I guess it could be  rt_task_fits_capacity_and_softirq_free() ?

> > +{
> > +     return !cpu_busy_with_softirqs(cpu) && rt_task_fits_capacity(p, cpu);
>
> I guess the order needs to be swapped, as rt_task_fits_capacity()
> is rather "quick" while cpu_busy_with_softirqs() is rather "slow".

Fair point. I've gone ahead and tweaked that. Thanks!

> > @@ -1894,14 +1934,17 @@ static int find_lowest_rq(struct task_struct *task)
> >               return -1; /* No other targets possible */
> >
> >       /*
> > -      * If we're on asym system ensure we consider the different capacities
> > -      * of the CPUs when searching for the lowest_mask.
> > +      * If we're using the softirq optimization or if we are
> > +      * on asym system, ensure we consider the softirq processing
> > +      * or different capacities of the CPUs when searching for the
> > +      * lowest_mask.
> >        */
> > -     if (static_branch_unlikely(&sched_asym_cpucapacity)) {
> > +     if (__use_softirq_opt ||
>
> Why use __use_softirq_opt and not IS_ENABLED(CONFIG_RT_SOFTIRQ_OPTIMIZATION)?

Because IS_ENABLED(CONFIG_RT_SOFTIRQ_OPTIMIZATION) seemed a bit long
and less easy to read?
I'm ambivalent if folks would rather have the CONFIG switch be
explicit here, but to me it seemed nicer to read the flag variable.

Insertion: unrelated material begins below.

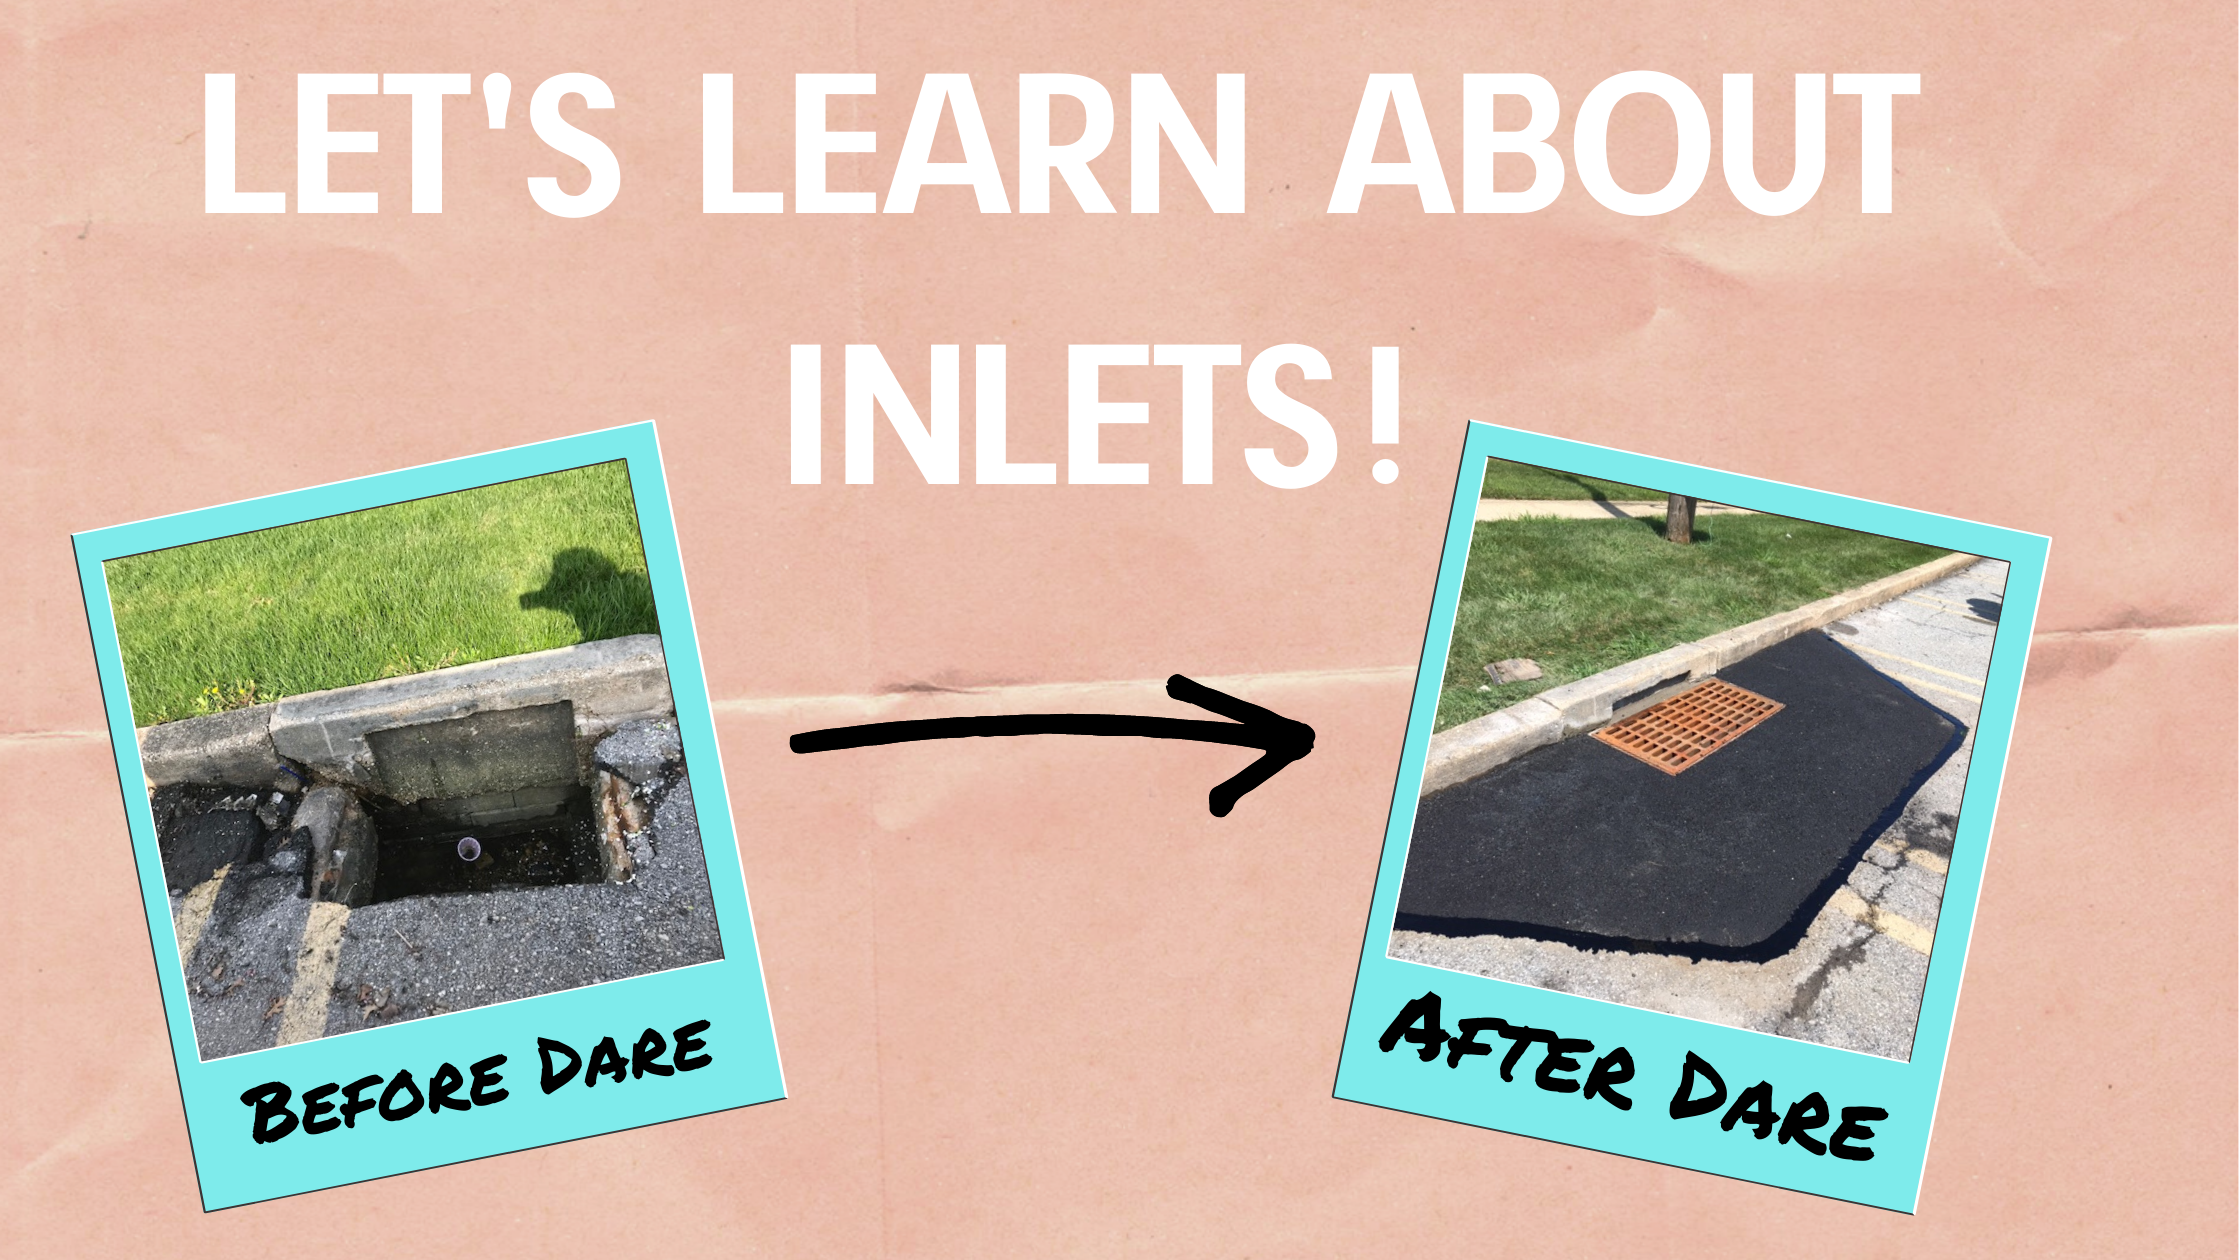 Let's Learn About Inlets! A photo of a damaged inlet with, "Before Dare" written underneath. A Photo of that same inlet after it has been repaired with, "After Dare" written underneath.

> > @@ -60,6 +60,13 @@ static struct softirq_action softirq_vec[NR_SOFTIRQS] __cacheline_aligned_in_smp
> >
> >  DEFINE_PER_CPU(struct task_struct *, ksoftirqd);
> >
> > +/*
> > + * active_softirqs -- per cpu, a mask of softirqs that are being handled,
> > + * with the expectation that approximate answers are acceptable and therefore
> > + * no synchronization.
> > + */
> > +DEFINE_PER_CPU(u32, active_softirqs);
>
> I guess all active_softirqs uses need to be coupled with
> IS_ENABLED(CONFIG_RT_SOFTIRQ_OPTIMIZATION) check.

I guess it could be wrapped. I didn't see the per-cpu accounting as
troublesome enough to conditionalize, but the extra per-cpu data isn't
great if no one uses it. So I'll do that.

Thanks so much for the review and feedback! I really appreciate it.
-john